Interaction topology optimization by adjustment of edge weights to improve the consensus convergence and prolong the sampling period for a multi-agent system

Abstract

The second smallest eigenvalue and the largest eigenvalue of the Laplacian matrix of a simple undirected connected graph G are called the algebraic connectivity ${\lambda }_2\left(G\right)$ and the Laplacian spectral radius ${\lambda }_n\left(G\right)$, respectively. For a first-order periodically sampled consensus protocol multi-agent system (MAS), whose interaction topology can be modeled as a graph G, a larger ${\lambda }_2\left(G\right)$ results in a faster consensus convergence rate, while a smaller ${\lambda }_n\left(G\right)$ contributes to a longer sampling period of the system.
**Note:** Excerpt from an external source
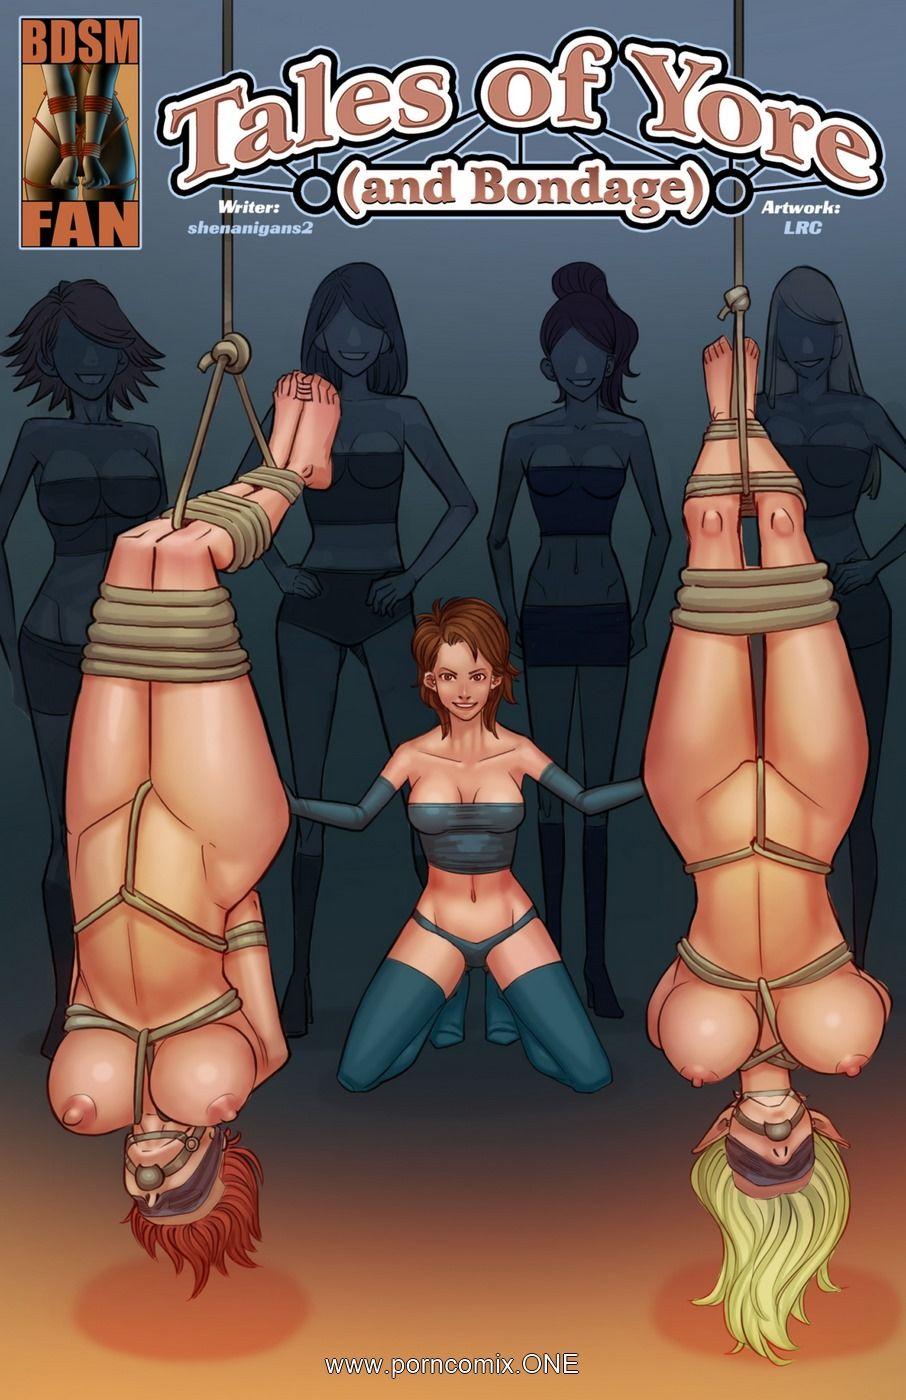 Comdon video free bondage porn comics pron mom

Adjusting the weights of the edges is an efficient approach to optimize the interaction topology of a MAS, which improves the consensus convergence rate and prolongs the sampling period. If ${\lambda }_2\left(G\right)$ increases, then the weight of one edge $\{v_s,v_t\}$ increases, i.e., the increment ${\delta }_{st}>0$, and the entries of its eigenvector with respect to $v_s$ and $v_t$ are not equal. If ${\lambda }_n\left(G\right)$ decreases, then the weight of one edge $\{v_s,v_t\}$ decreases, i.e., the increment ${\delta }_{st}<0$, and the entries of its eigenvector with respect to $v_s$ and $v_t$ are not equal. Moreover, when considering adjusting the weights of edges, some necessary conditions for increasing ${\lambda }_2\left(G\right)$ and decreasing ${\lambda }_n\left(G\right)$ are also given respectively, both of which are determined by the entries of their eigenvectors with respect to the vertices of edges and the increment of edge weights. A number of numerical exemplifications are presented to support the theoretical findings.